Хагин приказал Сайджерсону и даже Даффи оставаться внизу с ранеными, лечь и закрыть глаза. Сам он будет нести вахту на мостике и разбудит их в случае необходимости. А пока, сообщил он своим солдатам, их задача – отдыхать.
Еще не наступил полдень.
* * *
Внезапно Сайджерсон услышал звуки – легкое поскрипывание судна, храп и стоны людей, треск сверчков. Он открыл глаза и понял, что проспал большую часть дня. Солнце наконец пробило облака и окрасило изогнутую стену каюты в ярко-оранжевый цвет. Сайджерсон заметил, что ему уже не холодно. Температура резко повысилась.
Затем он неожиданно осознал, что именно его разбудило. Стук лошадиных копыт. Лошади!
Капитан Даффи спал рядом с ним на полу непробудным сном. Стараясь не потревожить его, Сайджерсон медленно сел и поднялся на ноги. Наверху солдаты лежали, словно спички, покрывая каждый дюйм палубы. Все они спали, большинство – с оружием в руках. Небо на востоке начинало темнеть, предвещая закат и теплую тихую ночь.
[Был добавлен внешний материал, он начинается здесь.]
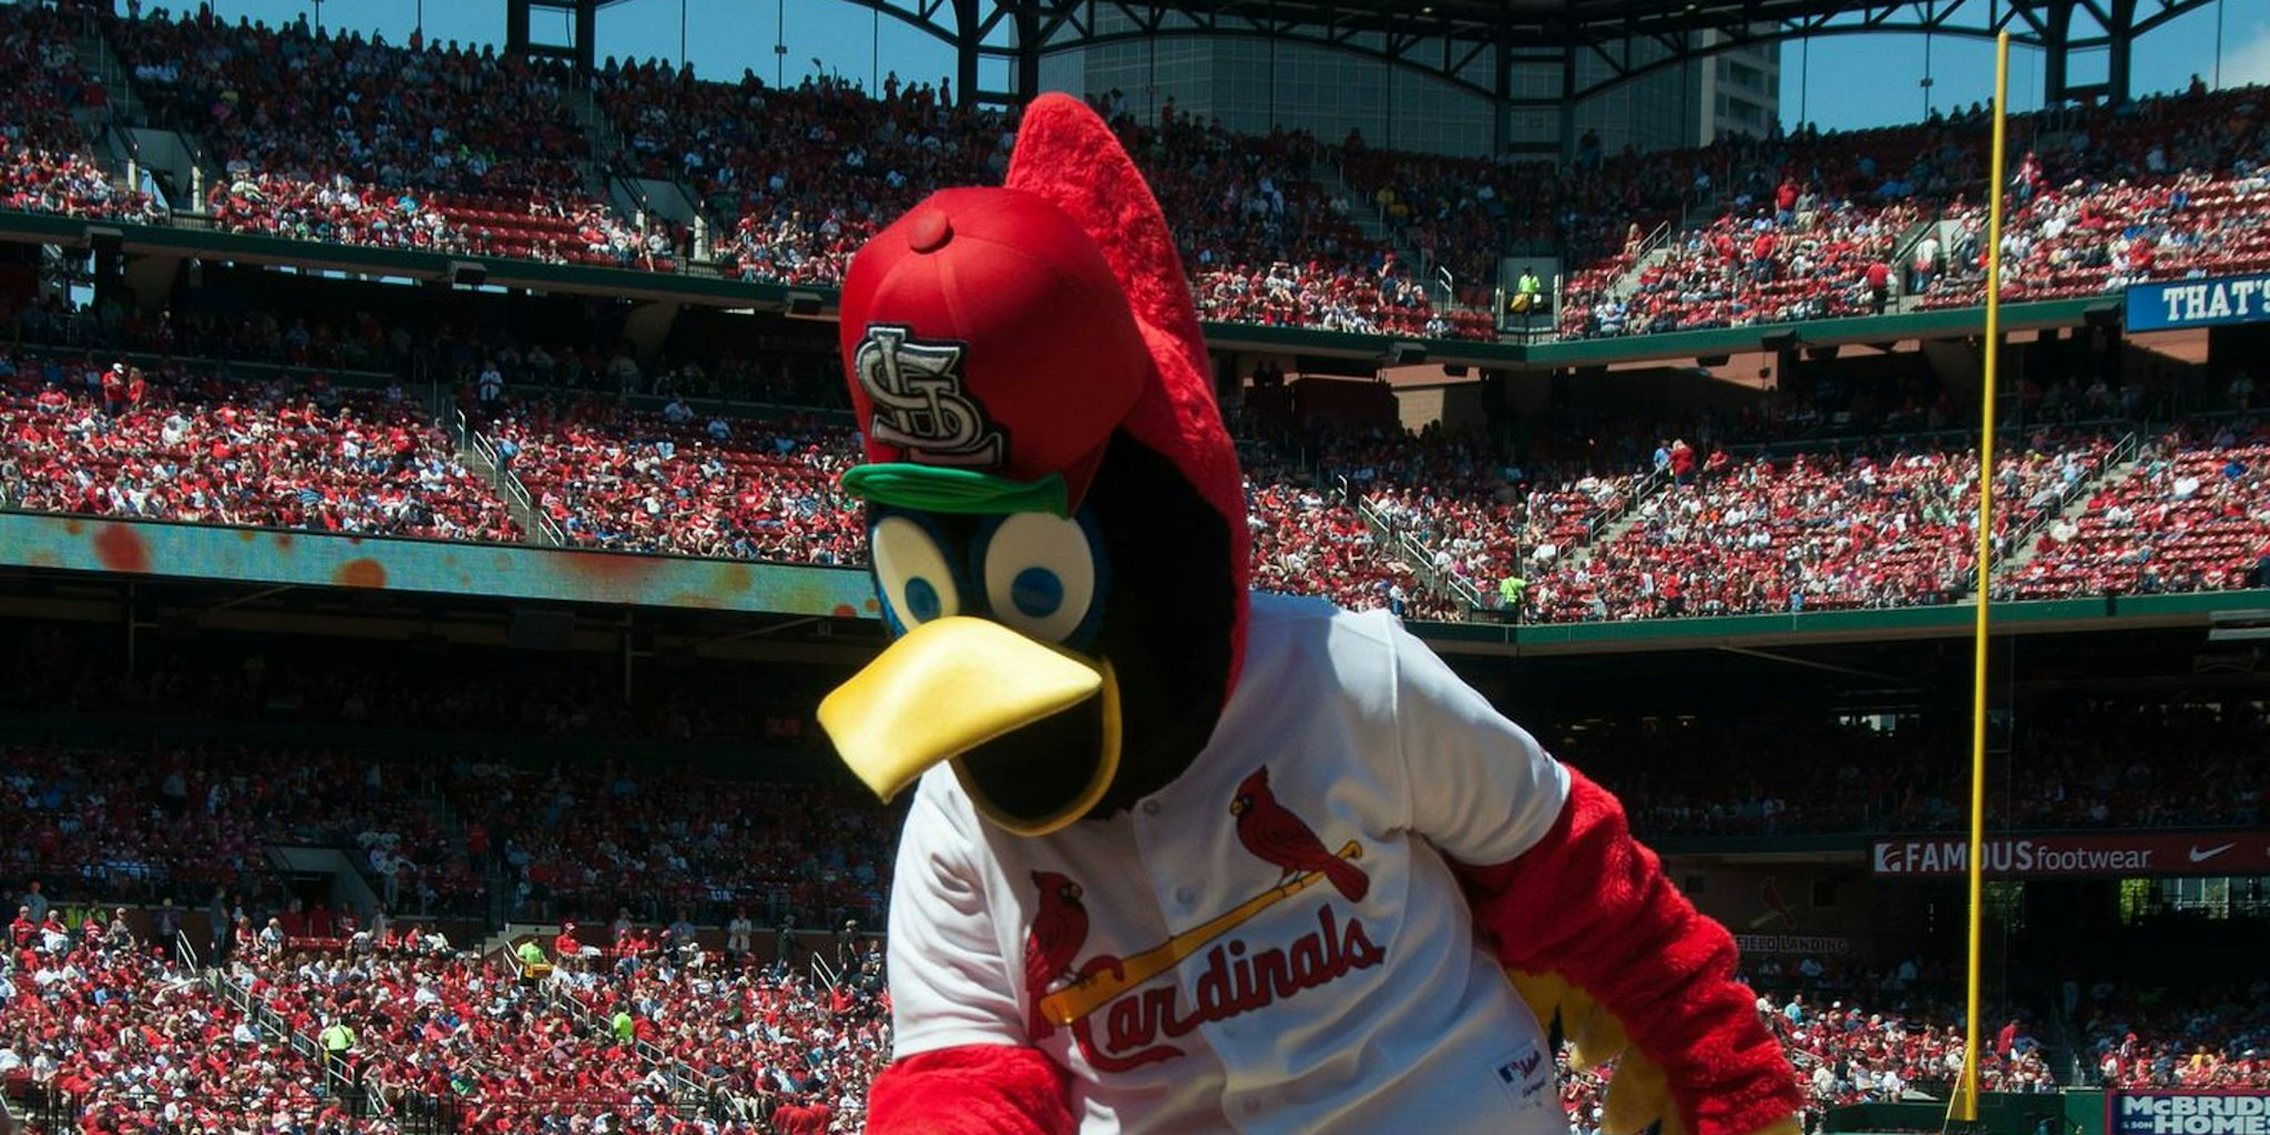 The Cardinals want the St. Louis PD to stop using their mascot in  #PoliceLivesMatter photos - The Daily Dot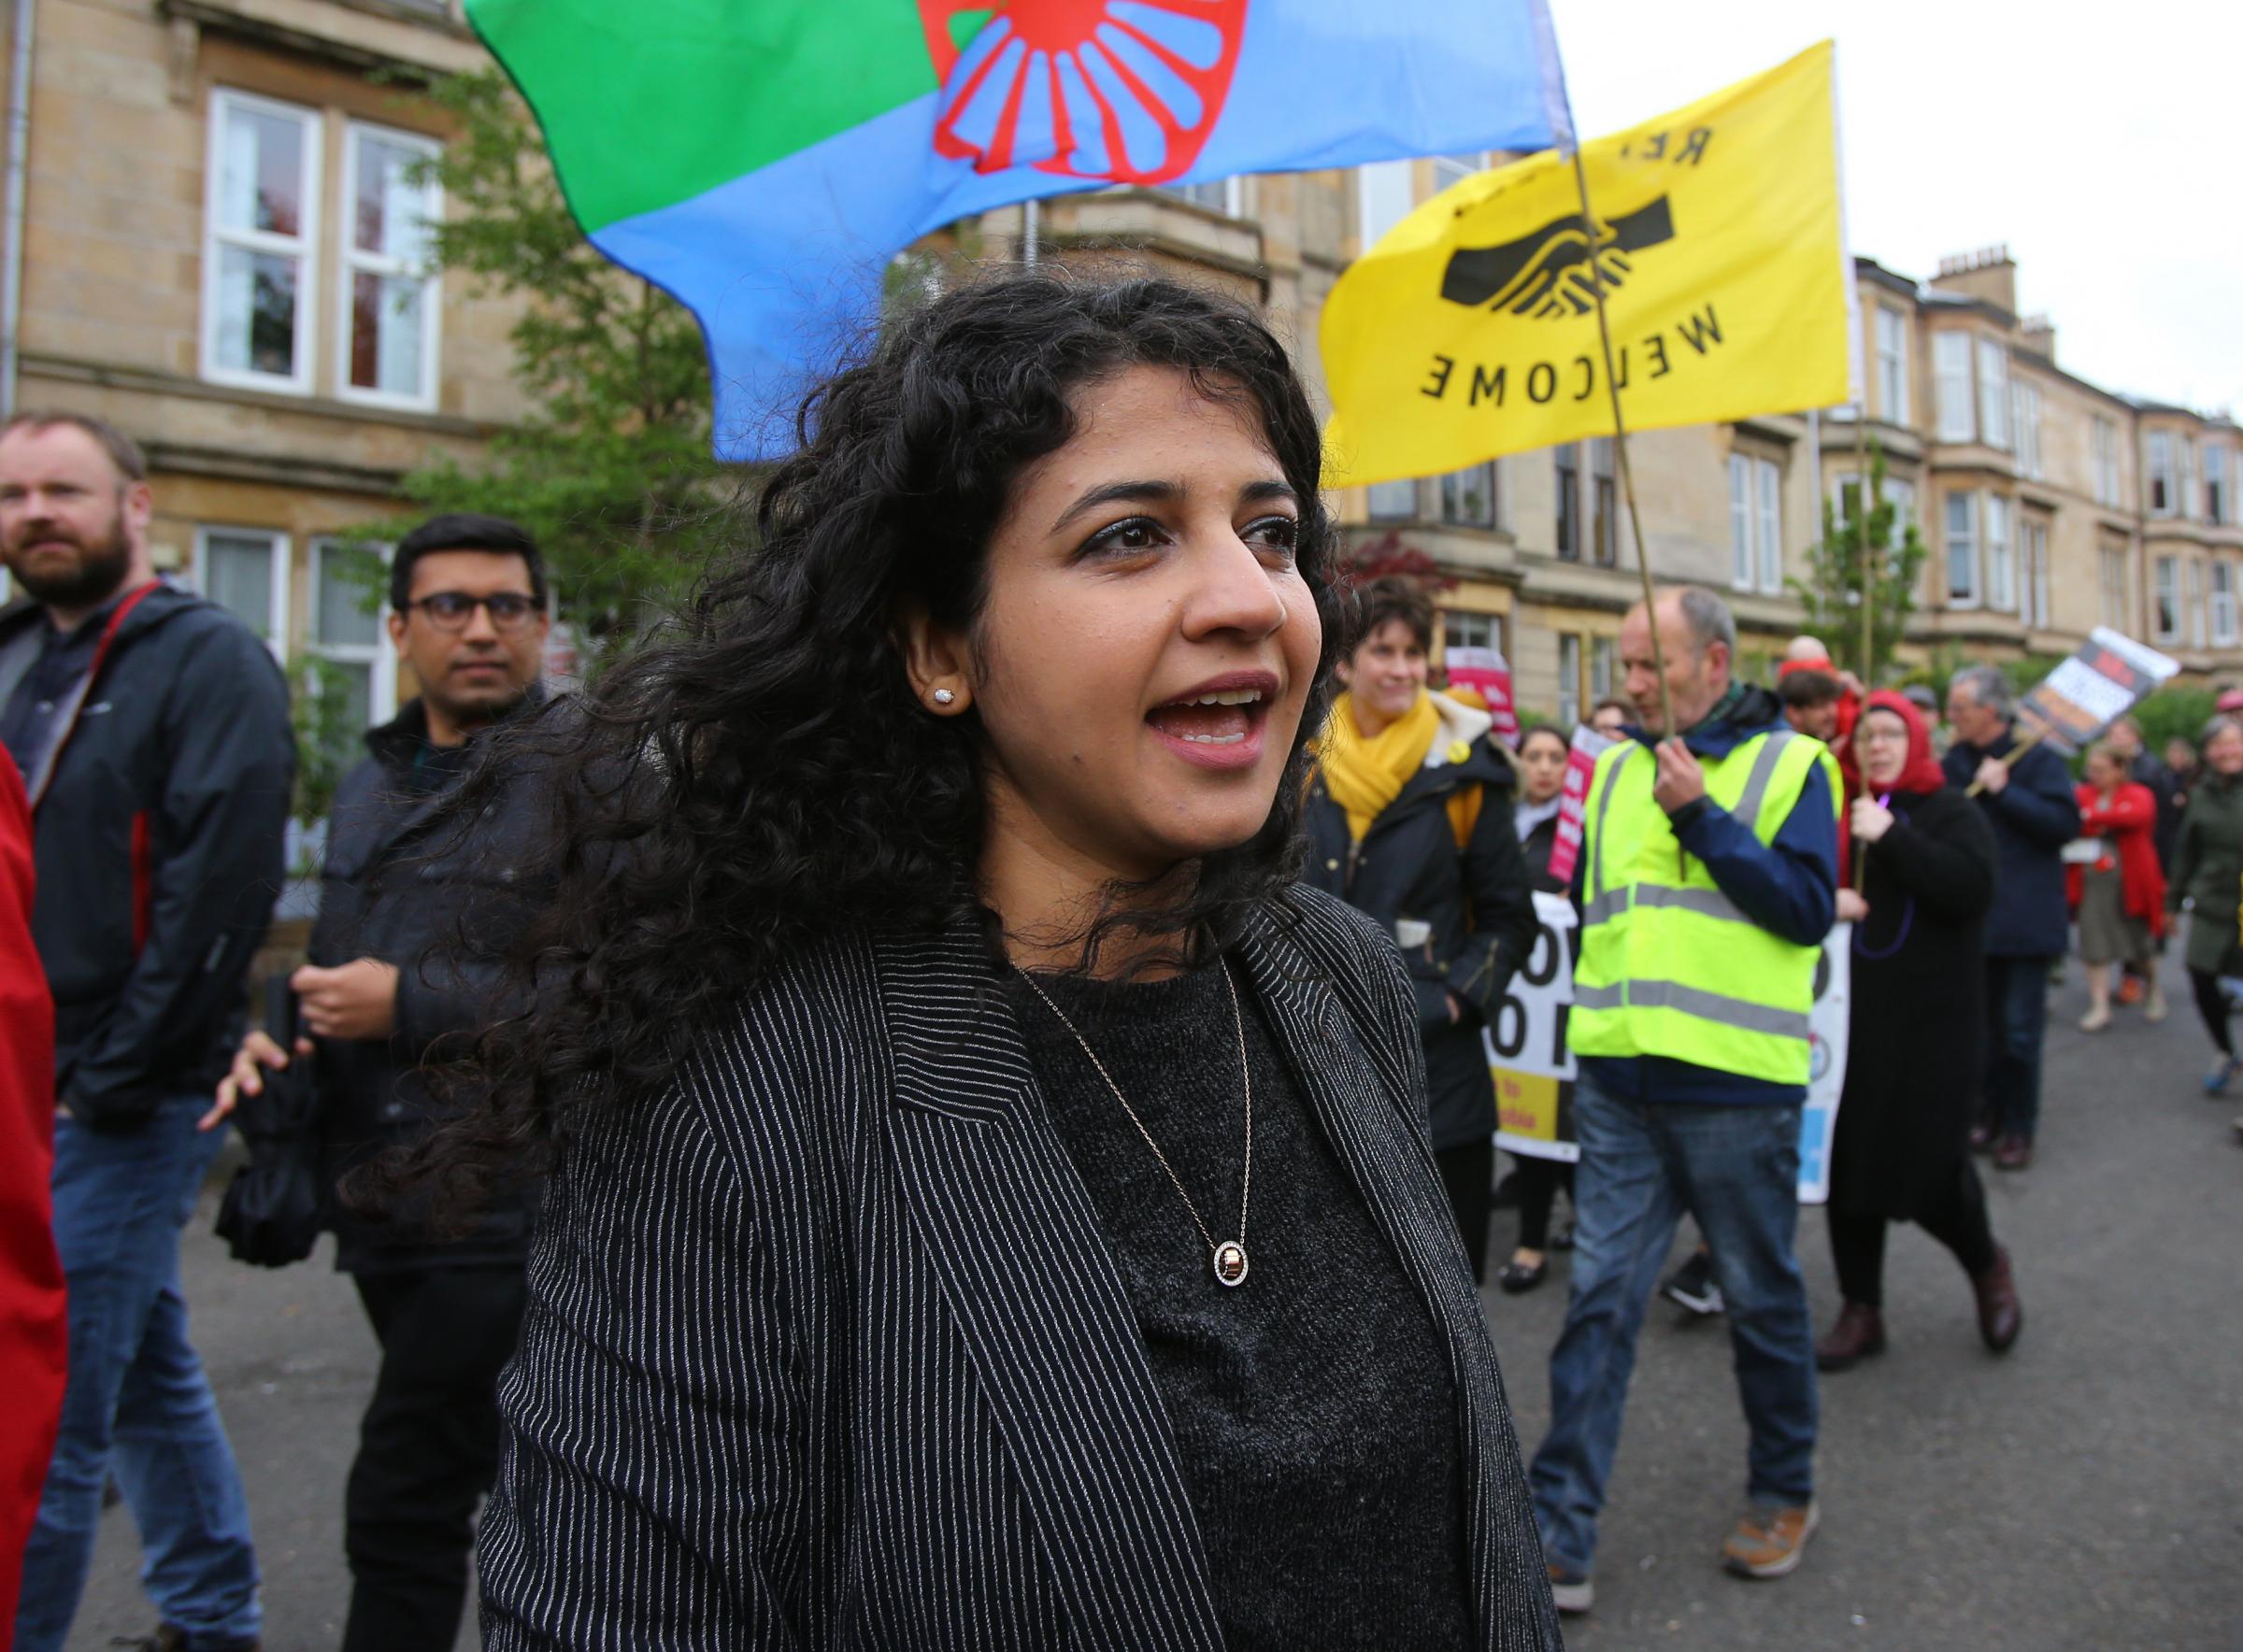 The Pollokshields Trust and Govanhill Baths Community Trust Kenmure Street Festival of Resistance. Pictured is Cllr Roza Salih. Photograph by Colin Mearns.

Обходя людей и развешенную для просушки одежду, Сайджерсон добрался до лестницы на мостик, откуда увидел, как два человека на неоседланных лошадях взбираются на дамбу. Одним из них был Уилкс. Он ехал на великолепном черном арабском скакуне. Продемонстрировав поднятые вверх большие пальцы, Уилкс спрыгнул на землю и снял с конской шеи ficelles – набитые продуктами сетки из грубой нити.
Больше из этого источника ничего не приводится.